#### Assignment:
Using the data beneath this instruction, retype only the lines from the one that contains "To My Son In" down to the one that contains "Wrangler Typography Printed", both included, exactly as they appear.
Segment Start: Records shown
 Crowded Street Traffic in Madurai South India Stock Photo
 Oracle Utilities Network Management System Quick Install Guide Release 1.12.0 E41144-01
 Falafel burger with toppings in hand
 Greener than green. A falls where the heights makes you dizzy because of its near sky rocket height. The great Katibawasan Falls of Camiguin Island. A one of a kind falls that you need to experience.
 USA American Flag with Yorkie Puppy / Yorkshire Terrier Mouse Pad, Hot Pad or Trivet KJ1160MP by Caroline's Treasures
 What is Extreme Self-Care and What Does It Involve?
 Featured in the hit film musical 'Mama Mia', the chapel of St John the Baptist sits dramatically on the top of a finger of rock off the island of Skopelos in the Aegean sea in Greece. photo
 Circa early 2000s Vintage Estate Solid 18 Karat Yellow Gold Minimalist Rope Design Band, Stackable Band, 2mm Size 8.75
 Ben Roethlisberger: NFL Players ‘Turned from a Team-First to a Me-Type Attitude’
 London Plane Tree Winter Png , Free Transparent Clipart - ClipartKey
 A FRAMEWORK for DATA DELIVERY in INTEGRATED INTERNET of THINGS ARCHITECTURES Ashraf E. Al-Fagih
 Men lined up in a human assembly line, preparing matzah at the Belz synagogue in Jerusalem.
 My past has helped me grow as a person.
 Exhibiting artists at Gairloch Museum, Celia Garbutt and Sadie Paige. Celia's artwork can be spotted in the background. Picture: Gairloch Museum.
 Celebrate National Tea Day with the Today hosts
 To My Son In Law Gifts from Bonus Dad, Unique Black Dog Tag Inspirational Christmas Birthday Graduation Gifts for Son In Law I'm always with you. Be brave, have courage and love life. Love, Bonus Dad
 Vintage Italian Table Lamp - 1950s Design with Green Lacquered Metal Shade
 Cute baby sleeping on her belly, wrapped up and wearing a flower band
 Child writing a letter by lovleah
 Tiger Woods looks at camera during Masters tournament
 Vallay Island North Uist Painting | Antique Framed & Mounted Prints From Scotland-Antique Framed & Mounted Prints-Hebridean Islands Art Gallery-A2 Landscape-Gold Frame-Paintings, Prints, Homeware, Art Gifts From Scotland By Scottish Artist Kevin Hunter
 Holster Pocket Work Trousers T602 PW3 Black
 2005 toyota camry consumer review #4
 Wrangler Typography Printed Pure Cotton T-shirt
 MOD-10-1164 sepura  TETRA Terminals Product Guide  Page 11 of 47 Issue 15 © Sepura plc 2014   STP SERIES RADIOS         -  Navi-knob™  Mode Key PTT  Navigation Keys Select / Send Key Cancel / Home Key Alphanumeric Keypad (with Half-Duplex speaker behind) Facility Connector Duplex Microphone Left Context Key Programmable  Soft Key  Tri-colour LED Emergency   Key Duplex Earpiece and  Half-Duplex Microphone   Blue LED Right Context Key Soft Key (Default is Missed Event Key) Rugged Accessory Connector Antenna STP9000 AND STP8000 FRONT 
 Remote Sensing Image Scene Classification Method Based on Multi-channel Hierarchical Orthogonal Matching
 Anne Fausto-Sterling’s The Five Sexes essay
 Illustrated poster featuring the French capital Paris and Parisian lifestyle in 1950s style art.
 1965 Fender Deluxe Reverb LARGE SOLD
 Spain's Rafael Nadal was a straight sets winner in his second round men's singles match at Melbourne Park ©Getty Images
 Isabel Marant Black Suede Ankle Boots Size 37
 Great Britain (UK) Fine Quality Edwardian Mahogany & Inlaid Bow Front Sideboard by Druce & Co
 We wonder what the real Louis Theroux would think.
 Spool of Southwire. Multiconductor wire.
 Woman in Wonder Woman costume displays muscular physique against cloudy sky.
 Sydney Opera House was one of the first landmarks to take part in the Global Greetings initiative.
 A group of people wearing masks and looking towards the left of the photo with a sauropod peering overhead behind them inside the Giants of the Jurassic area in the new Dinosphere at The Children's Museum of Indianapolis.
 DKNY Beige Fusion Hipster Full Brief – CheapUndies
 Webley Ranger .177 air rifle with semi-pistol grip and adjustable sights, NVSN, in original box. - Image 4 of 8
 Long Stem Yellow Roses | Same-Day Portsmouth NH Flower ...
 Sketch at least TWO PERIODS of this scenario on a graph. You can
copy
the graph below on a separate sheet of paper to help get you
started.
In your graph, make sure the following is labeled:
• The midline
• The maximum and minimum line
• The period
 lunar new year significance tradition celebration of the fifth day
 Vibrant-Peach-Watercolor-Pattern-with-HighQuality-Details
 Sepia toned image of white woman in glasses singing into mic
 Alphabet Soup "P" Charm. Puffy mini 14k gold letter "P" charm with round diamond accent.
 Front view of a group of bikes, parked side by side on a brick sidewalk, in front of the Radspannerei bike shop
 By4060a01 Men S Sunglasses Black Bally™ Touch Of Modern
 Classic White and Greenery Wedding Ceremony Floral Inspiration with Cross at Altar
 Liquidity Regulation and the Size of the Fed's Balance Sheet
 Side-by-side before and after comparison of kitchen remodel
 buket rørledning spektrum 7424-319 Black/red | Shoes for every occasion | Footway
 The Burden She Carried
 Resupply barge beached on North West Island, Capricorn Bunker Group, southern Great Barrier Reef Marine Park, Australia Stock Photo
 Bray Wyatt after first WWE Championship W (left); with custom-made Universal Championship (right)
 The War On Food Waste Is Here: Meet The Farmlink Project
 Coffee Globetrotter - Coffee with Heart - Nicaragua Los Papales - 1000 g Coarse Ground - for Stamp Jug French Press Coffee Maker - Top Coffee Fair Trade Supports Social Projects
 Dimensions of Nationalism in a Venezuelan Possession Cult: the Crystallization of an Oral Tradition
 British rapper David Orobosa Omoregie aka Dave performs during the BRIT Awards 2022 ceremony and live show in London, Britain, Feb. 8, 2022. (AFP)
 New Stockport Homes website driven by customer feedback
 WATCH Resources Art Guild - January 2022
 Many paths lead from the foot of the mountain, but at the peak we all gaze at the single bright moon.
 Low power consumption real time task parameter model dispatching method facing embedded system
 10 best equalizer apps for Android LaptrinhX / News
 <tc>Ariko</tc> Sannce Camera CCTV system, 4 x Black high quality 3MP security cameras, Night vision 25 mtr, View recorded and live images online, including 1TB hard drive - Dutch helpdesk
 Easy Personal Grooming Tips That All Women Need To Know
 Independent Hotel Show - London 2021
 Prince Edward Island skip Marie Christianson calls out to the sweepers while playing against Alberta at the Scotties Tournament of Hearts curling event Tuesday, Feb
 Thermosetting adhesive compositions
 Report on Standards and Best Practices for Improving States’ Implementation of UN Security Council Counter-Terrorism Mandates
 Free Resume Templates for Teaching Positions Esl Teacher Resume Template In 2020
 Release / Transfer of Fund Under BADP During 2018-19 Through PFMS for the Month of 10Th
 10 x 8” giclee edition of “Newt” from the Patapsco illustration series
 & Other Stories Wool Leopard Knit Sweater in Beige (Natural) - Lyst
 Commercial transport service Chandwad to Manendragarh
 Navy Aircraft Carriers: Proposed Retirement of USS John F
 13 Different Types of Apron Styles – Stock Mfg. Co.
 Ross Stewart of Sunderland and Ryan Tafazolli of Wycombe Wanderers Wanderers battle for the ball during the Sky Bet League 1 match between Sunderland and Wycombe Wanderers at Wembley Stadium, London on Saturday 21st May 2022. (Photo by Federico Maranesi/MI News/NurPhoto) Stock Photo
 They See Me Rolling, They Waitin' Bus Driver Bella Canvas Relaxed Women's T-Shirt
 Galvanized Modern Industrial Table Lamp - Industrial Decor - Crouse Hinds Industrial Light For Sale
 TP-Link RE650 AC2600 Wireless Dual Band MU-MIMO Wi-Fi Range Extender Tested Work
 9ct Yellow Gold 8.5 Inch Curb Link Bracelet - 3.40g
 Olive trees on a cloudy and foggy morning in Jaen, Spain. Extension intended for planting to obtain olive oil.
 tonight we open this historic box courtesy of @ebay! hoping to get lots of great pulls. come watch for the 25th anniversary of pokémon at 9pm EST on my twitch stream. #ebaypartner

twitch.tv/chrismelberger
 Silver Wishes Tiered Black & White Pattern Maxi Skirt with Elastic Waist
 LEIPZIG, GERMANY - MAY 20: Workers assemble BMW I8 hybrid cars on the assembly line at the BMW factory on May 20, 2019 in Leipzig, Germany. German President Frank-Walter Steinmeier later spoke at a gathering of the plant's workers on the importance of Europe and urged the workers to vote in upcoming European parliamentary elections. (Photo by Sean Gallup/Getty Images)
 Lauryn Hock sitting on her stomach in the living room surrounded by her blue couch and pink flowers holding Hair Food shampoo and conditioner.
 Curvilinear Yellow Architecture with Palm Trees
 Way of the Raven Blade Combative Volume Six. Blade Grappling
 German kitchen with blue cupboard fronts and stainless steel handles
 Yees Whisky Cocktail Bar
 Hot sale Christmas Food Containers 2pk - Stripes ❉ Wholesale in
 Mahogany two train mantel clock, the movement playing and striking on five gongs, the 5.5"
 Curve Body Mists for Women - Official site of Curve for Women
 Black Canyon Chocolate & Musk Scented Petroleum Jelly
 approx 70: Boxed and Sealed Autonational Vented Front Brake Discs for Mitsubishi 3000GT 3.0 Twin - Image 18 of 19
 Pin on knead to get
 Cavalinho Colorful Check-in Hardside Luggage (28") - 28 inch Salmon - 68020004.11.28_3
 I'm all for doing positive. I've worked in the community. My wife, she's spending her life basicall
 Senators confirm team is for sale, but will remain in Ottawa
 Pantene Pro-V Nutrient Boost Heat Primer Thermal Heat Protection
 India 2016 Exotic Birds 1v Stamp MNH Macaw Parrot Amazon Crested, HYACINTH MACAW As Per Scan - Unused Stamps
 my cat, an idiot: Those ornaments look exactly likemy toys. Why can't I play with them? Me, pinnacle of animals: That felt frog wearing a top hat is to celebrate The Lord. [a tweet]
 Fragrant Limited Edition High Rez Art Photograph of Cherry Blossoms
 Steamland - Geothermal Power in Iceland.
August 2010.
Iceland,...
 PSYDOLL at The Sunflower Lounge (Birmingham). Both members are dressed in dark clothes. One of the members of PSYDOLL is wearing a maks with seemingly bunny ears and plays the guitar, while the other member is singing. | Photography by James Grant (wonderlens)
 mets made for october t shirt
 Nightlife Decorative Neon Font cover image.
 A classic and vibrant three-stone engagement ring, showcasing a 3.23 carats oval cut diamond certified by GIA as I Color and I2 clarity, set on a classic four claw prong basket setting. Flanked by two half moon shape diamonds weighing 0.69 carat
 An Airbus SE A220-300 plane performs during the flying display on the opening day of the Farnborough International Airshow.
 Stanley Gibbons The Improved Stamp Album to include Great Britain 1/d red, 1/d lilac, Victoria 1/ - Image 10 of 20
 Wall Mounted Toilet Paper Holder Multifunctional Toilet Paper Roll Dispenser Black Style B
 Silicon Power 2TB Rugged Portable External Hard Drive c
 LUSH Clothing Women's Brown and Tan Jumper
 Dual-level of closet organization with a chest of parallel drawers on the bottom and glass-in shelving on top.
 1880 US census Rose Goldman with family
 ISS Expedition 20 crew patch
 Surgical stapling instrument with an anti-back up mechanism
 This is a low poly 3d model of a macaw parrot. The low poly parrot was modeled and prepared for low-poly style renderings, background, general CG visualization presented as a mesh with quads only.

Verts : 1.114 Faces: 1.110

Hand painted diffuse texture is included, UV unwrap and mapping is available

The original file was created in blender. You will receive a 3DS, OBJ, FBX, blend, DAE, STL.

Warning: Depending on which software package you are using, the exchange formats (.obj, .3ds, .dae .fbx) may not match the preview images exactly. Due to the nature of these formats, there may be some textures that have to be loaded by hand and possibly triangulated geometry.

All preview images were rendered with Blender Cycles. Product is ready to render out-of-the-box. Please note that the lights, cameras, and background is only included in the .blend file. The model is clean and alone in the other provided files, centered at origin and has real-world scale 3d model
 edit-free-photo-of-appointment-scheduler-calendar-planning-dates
Segment End: Records shown
#### Your response:
 To My Son In Law Gifts from Bonus Dad, Unique Black Dog Tag Inspirational Christmas Birthday Graduation Gifts for Son In Law I'm always with you. Be brave, have courage and love life. Love, Bonus Dad
 Vintage Italian Table Lamp - 1950s Design with Green Lacquered Metal Shade
 Cute baby sleeping on her belly, wrapped up and wearing a flower band
 Child writing a letter by lovleah
 Tiger Woods looks at camera during Masters tournament
 Vallay Island North Uist Painting | Antique Framed & Mounted Prints From Scotland-Antique Framed & Mounted Prints-Hebridean Islands Art Gallery-A2 Landscape-Gold Frame-Paintings, Prints, Homeware, Art Gifts From Scotland By Scottish Artist Kevin Hunter
 Holster Pocket Work Trousers T602 PW3 Black
 2005 toyota camry consumer review #4
 Wrangler Typography Printed Pure Cotton T-shirt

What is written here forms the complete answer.